* _INFORMATION SUPPLIED_
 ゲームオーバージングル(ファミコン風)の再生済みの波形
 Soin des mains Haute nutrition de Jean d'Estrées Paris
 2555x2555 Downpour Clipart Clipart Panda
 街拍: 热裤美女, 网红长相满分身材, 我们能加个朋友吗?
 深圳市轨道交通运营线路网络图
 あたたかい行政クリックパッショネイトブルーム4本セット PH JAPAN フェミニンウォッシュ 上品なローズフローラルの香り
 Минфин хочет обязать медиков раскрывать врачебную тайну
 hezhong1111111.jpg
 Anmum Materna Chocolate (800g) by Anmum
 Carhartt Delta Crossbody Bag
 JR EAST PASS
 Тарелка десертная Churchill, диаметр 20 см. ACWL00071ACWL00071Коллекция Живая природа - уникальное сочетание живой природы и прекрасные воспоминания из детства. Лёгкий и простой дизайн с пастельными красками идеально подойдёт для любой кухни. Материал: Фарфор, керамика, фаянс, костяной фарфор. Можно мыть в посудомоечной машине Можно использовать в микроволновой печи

* _TASK GOAL_
Faithfully write out the entire listing, line by line.

* _EXERCISE RESPONSE_
 ゲームオーバージングル(ファミコン風)の再生済みの波形
 Soin des mains Haute nutrition de Jean d'Estrées Paris
 2555x2555 Downpour Clipart Clipart Panda
 街拍: 热裤美女, 网红长相满分身材, 我们能加个朋友吗?
 深圳市轨道交通运营线路网络图
 あたたかい行政クリックパッショネイトブルーム4本セット PH JAPAN フェミニンウォッシュ 上品なローズフローラルの香り
 Минфин хочет обязать медиков раскрывать врачебную тайну
 hezhong1111111.jpg
 Anmum Materna Chocolate (800g) by Anmum
 Carhartt Delta Crossbody Bag
 JR EAST PASS
 Тарелка десертная Churchill, диаметр 20 см. ACWL00071ACWL00071Коллекция Живая природа - уникальное сочетание живой природы и прекрасные воспоминания из детства. Лёгкий и простой дизайн с пастельными красками идеально подойдёт для любой кухни. Материал: Фарфор, керамика, фаянс, костяной фарфор. Можно мыть в посудомоечной машине Можно использовать в микроволновой печи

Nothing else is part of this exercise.